● **Material provided**:
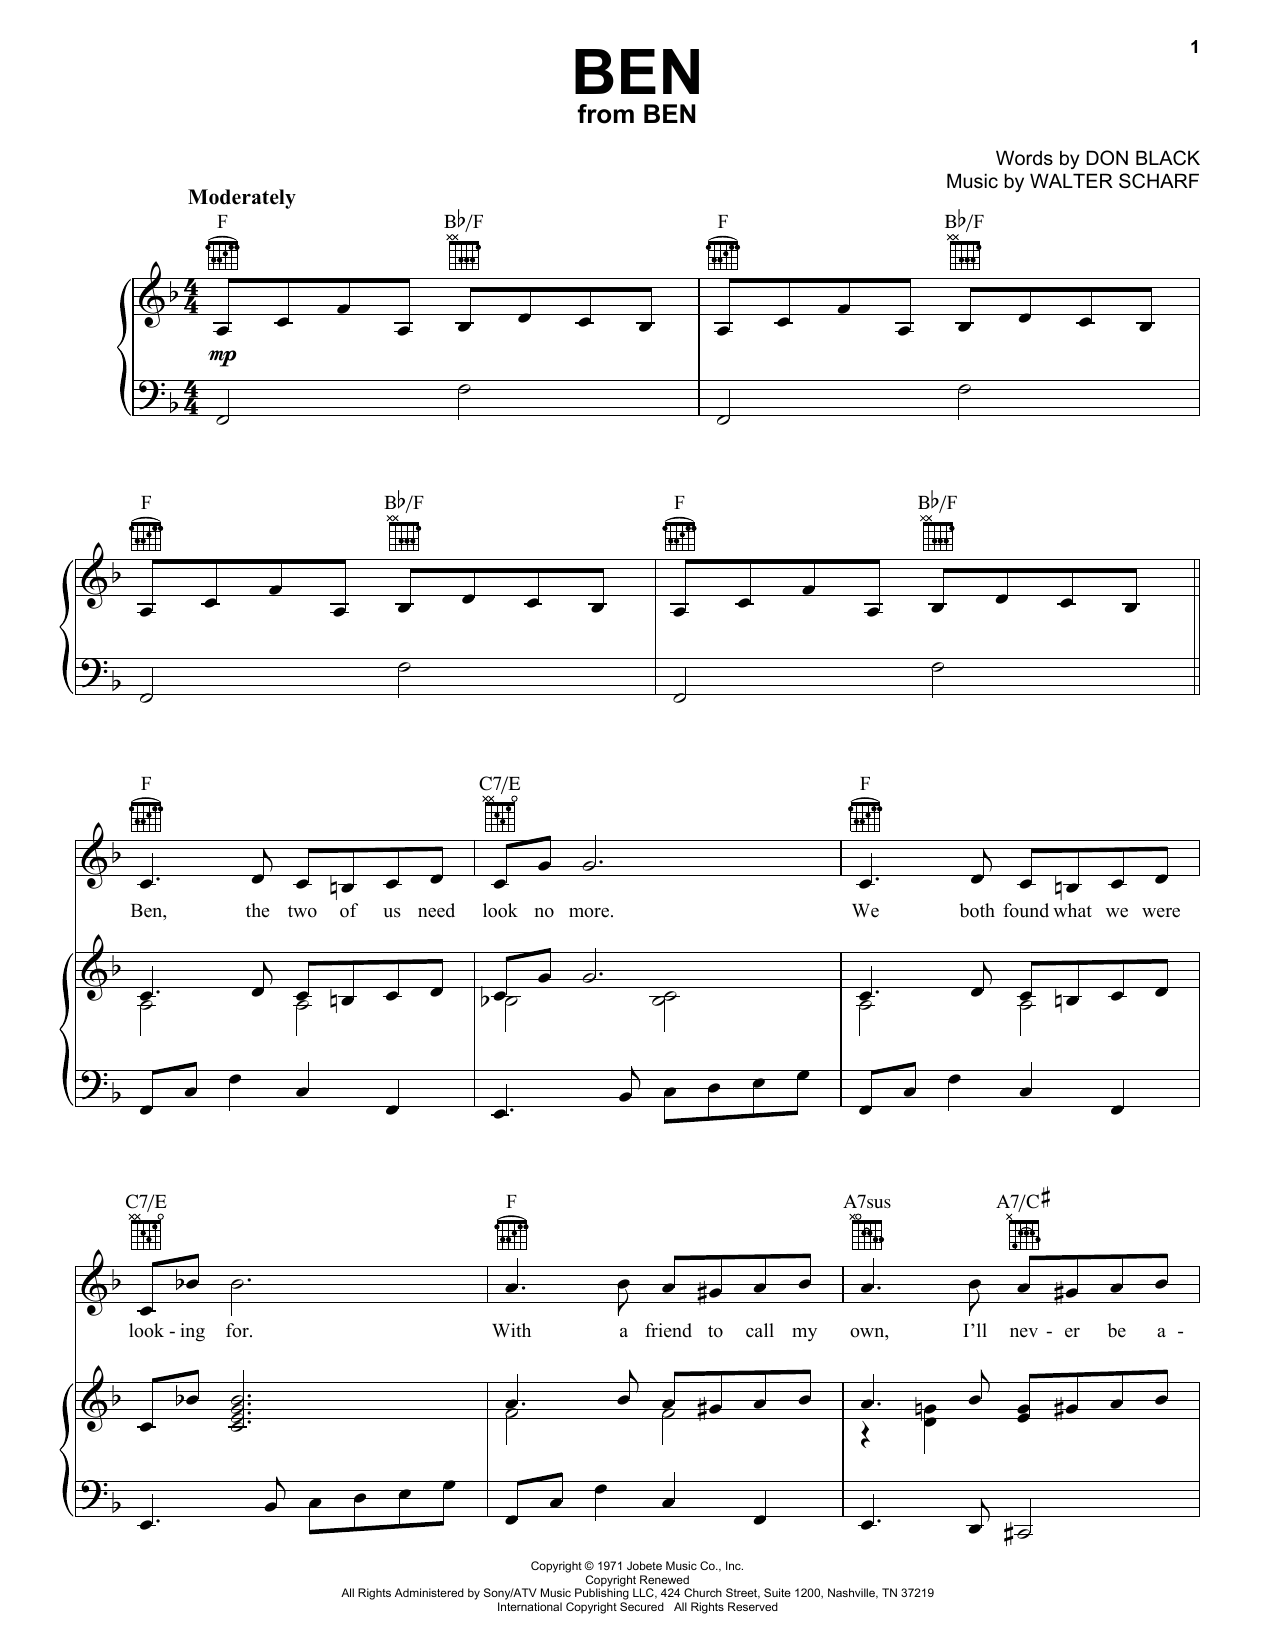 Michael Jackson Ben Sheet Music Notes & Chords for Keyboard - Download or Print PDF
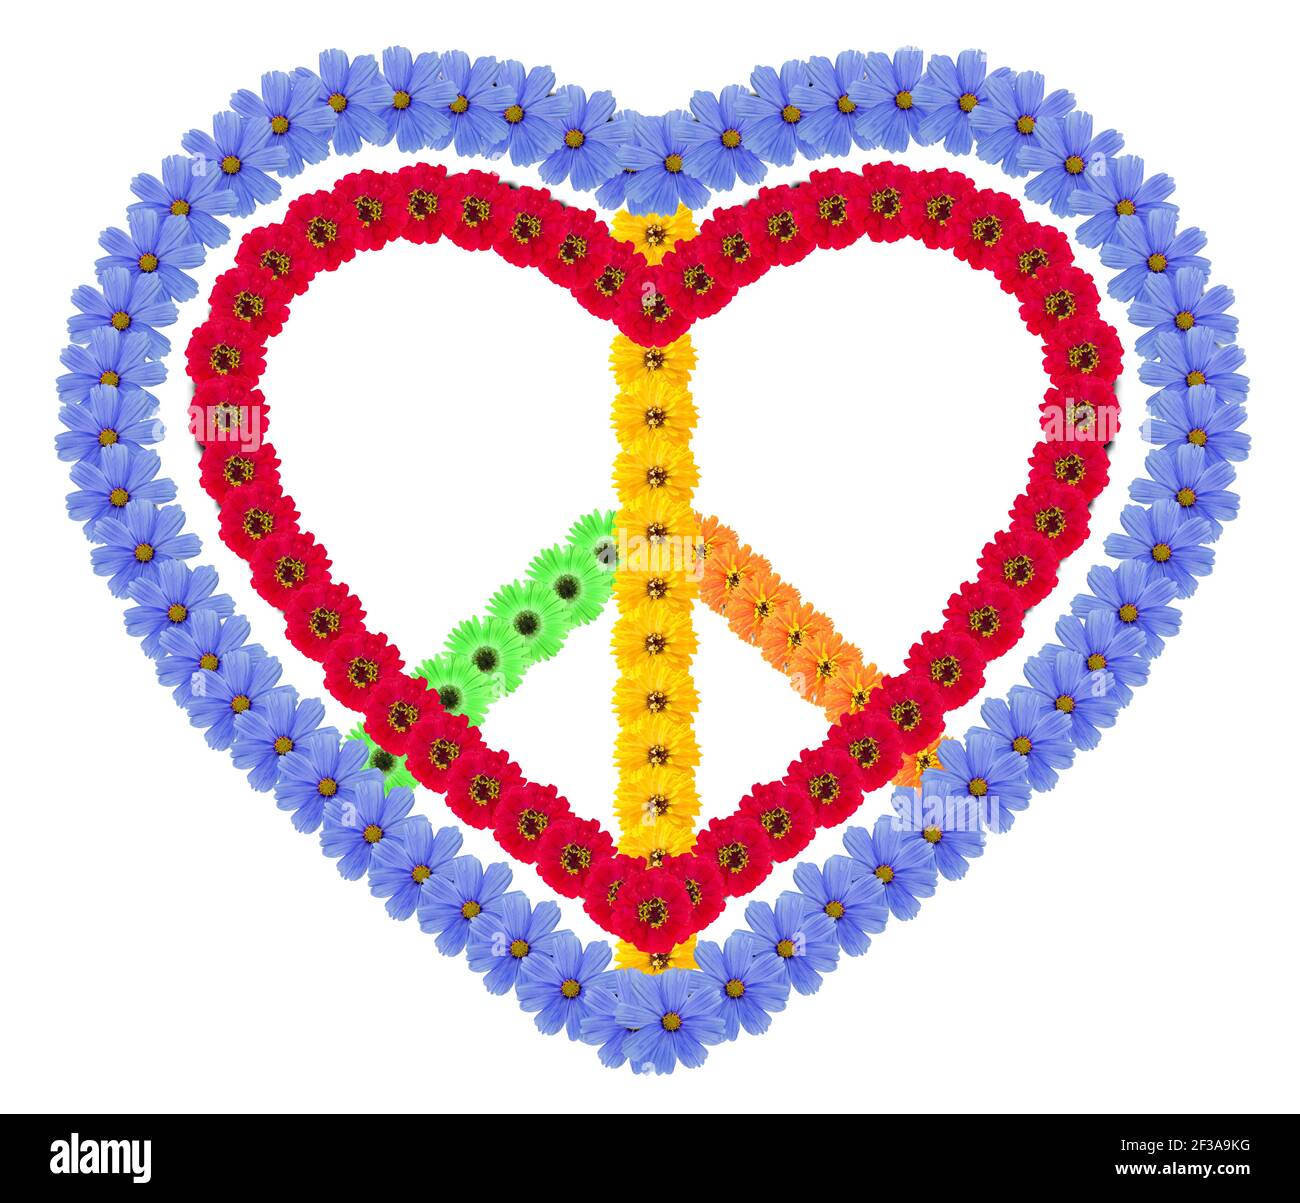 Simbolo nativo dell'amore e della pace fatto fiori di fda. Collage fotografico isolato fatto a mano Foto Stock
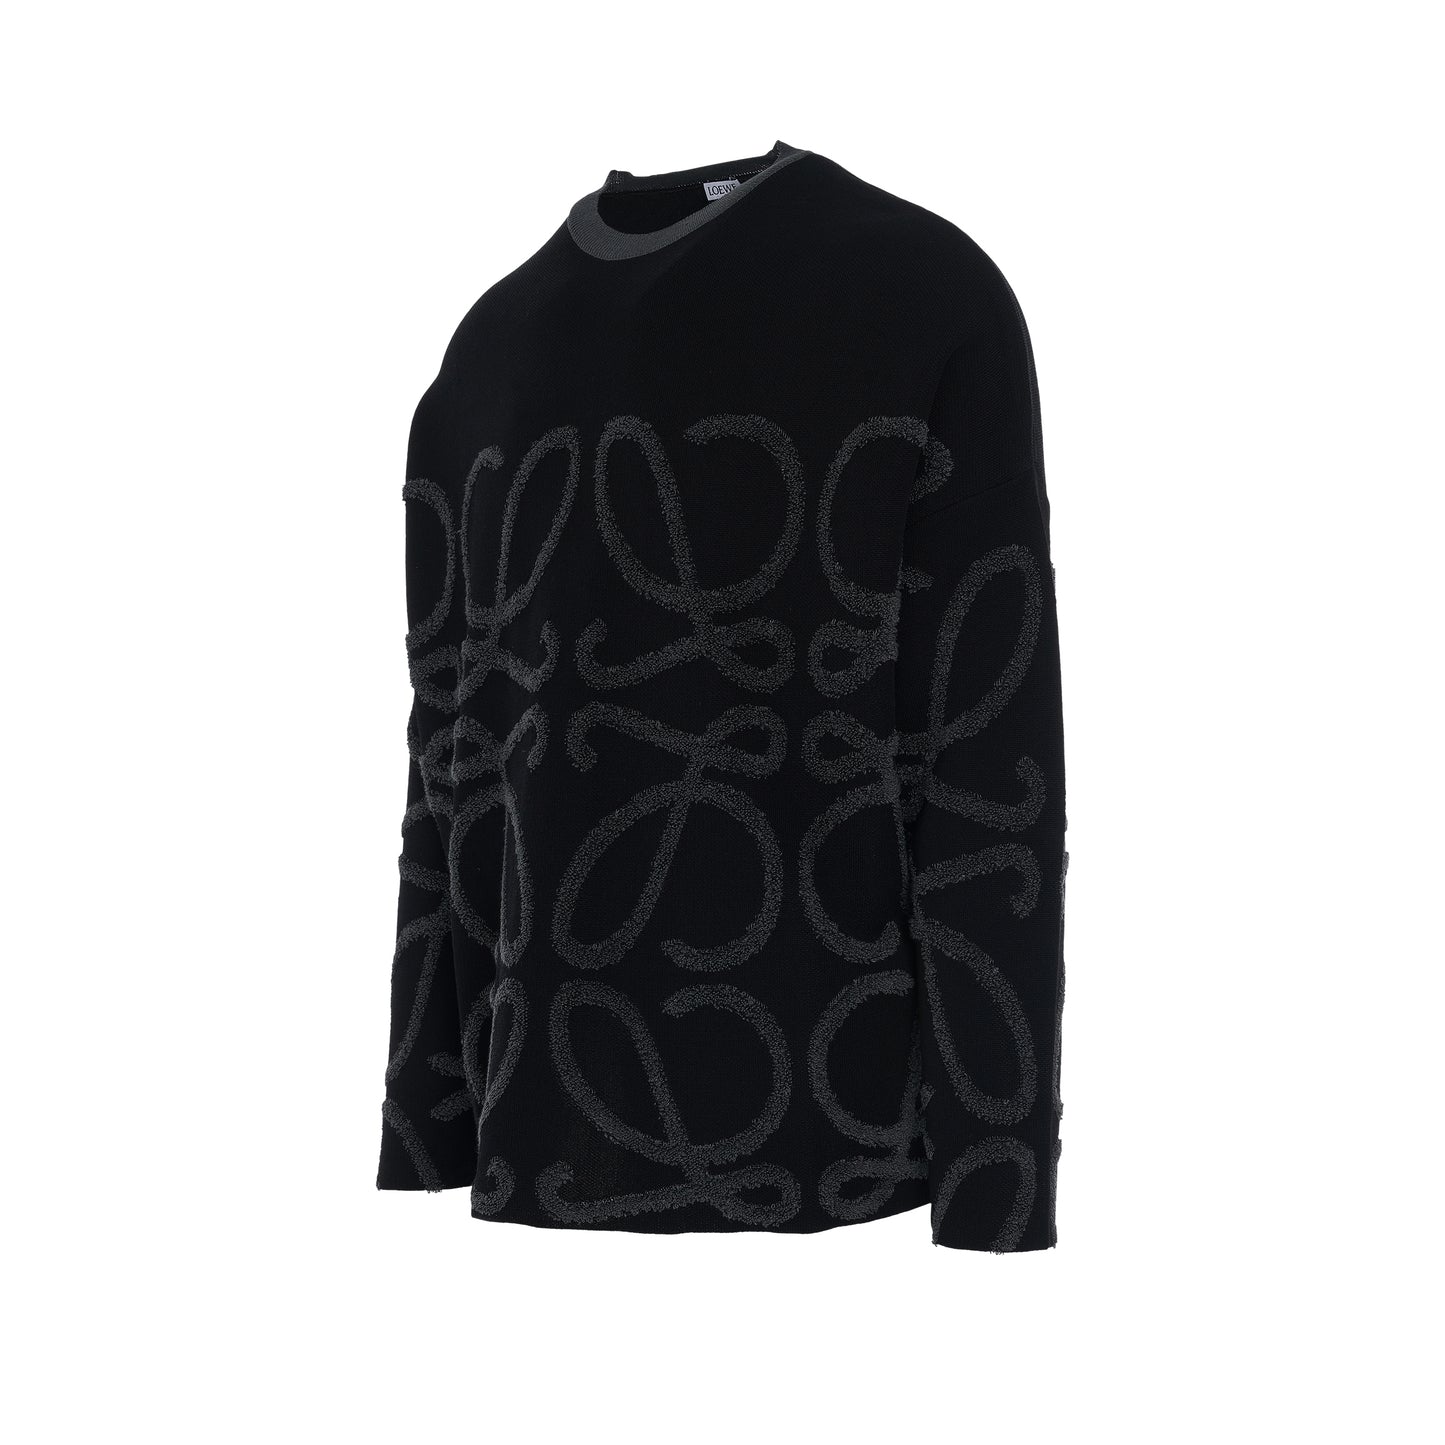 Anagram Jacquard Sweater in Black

● **Instructions to follow**: What is needed is a verbatim copy of the lines running from the one with "Simbolo nativo dell'amore" through the last line of the listing above, excluding any pictures.

● **Response to this exercise**:
 Simbolo nativo dell'amore e della pace fatto fiori di fda. Collage fotografico isolato fatto a mano Foto Stock
 Anagram Jacquard Sweater in Black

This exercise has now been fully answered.